What are the most popular techniques of proving inequalities?
I know some of it, but I would like to learn other ones. I think this question is useful, as it will be helpful for other beginners. Such as: uvw, AM GM, Cauchy–Schwarz inequality, Jensen inequality. Could you please add something? Maybe books containing it?
There are also:
TL (The Tangent Line Method)
SOS (Sum of Squares)
Schur (Inequalities like the Schur's inequalities)
SS (SOS-Schur metod)
Muirhead (Muirhead inequalities)
Karamata
Rearragement
Chebyshov
Holder
Bacteria (undefined coefficients method)
Discriminant
The $uvw$'s technique (it's not the $uvw$ method)

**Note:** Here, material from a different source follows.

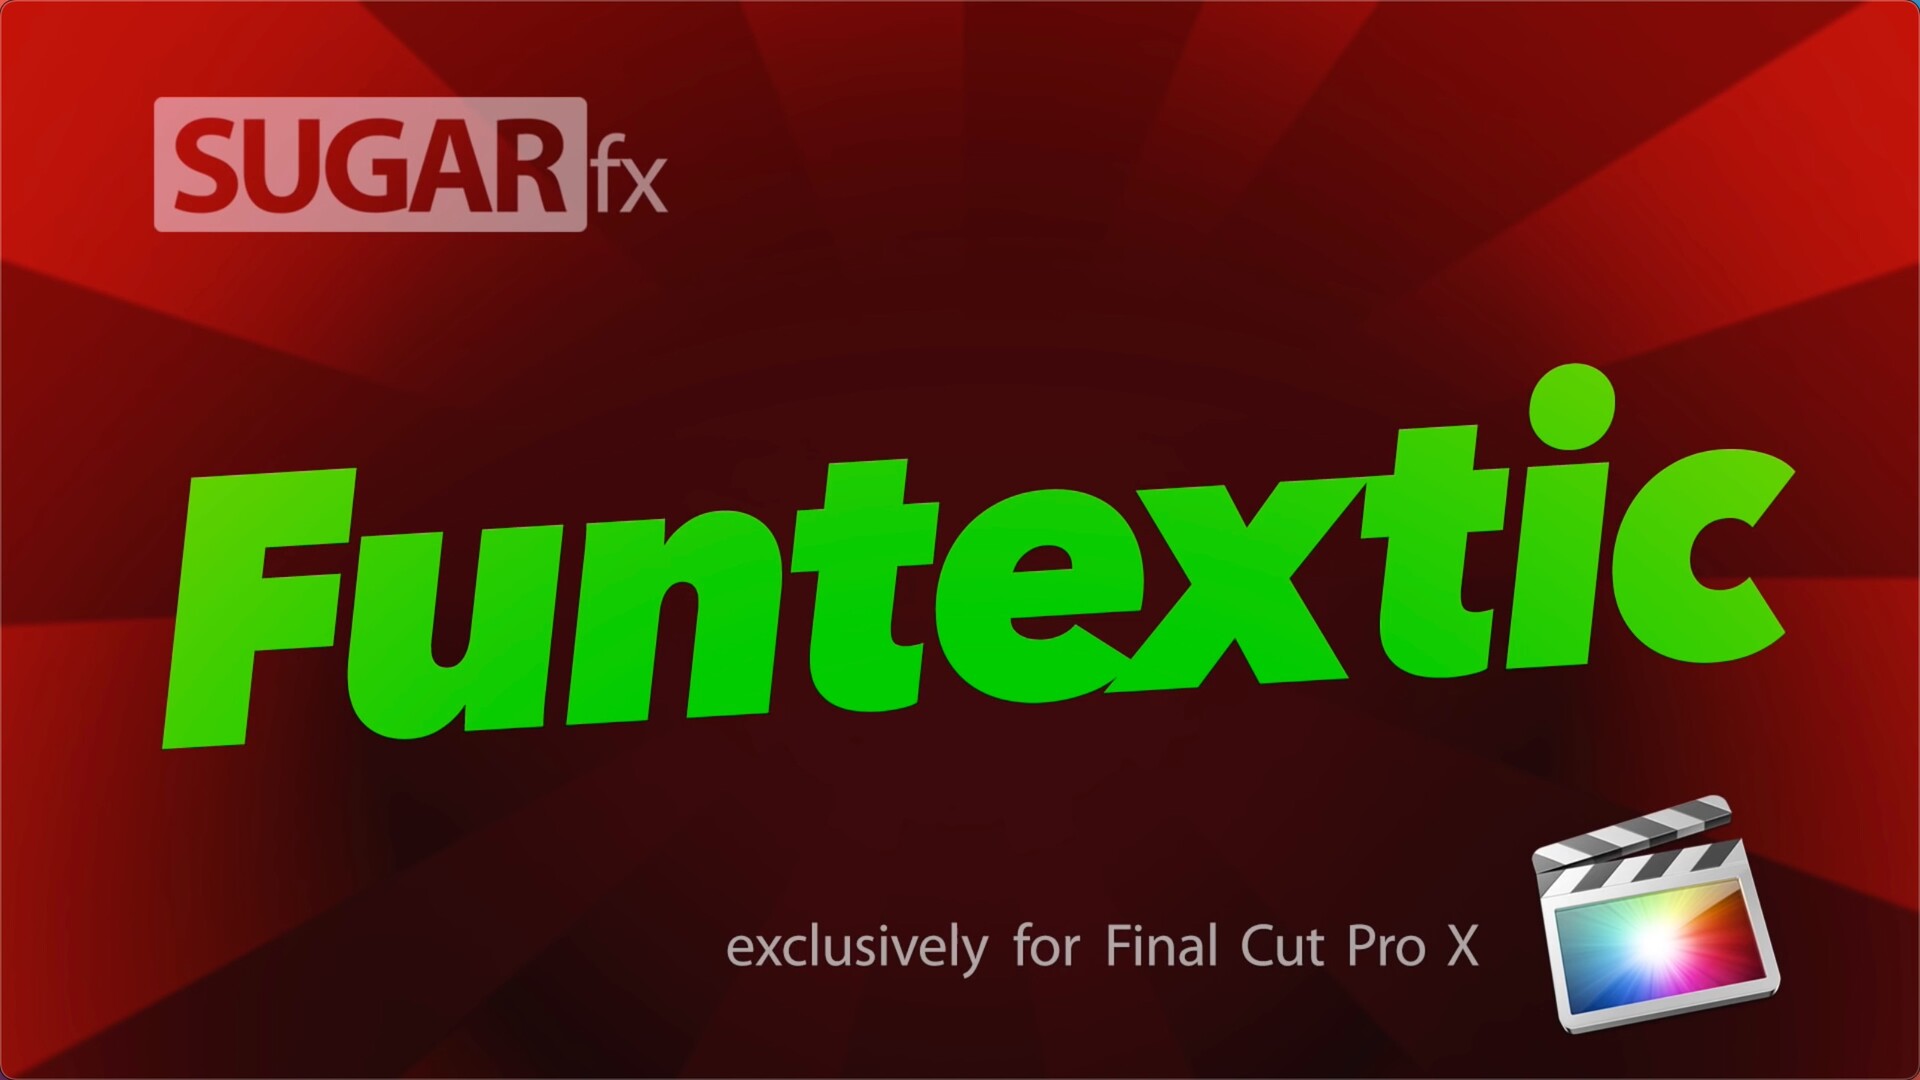 FCPX插件SUGARfx Funtextic(3D动画标题)

Minkowski (triangle inequality)
Bernoulli
LM ( Lagrange Multipliers method)
EV (The Vasc's Equal Variables Method)
RCF, LCF (the Vasc's Right Convex Function Method and Left Convex Function Method)
Zhaobin (about half convex- half concave function)
prR (for the geometric inequalities proofs)
BW (the Buffalo Way method)
and more.
A very good book it's "Algebraic inequalities, old and new methods", Gil, 2006 by Vasile Cirtoaje.
Also, thanks to Jose Brox, there is the beautiful Vasc's last book about inequalities, which he published in 2015.
The example, how the Bacteria method helps to find a proof of the very hard inequality.
Let $a\geq0$, $b\geq0$ and $c\geq0$ such that $a+b+c=3$. Prove that: $$\frac{1}{8+a^2b}+\frac{1}{8+b^2c}+\frac{1}{8+c^2a}\geq\frac{1}{3}.$$ This inequality is ninth degree.
Now, we'll reduce this degree.
By C-S $$\sum_{cyc}\frac{1}{8+a^2b}=\sum_{cyc}\frac{(a+kb+mc)^2}{(a+kb+mc)^2(8+a^2b)}\geq\frac{(1+k+m)^2(a+b+c)^2}{\sum\limits_{cyc}(a+kb+mc)^2(8+a^2b)}.$$ We'll choose values of $k$ and $m$ ( they are our bacteria) such that the inequality $$\frac{(1+k+m)^2(a+b+c)^2}{\sum\limits_{cyc}(a+kb+mc)^2(8+a^2b)}\geq\frac{1}{3}$$ would be true.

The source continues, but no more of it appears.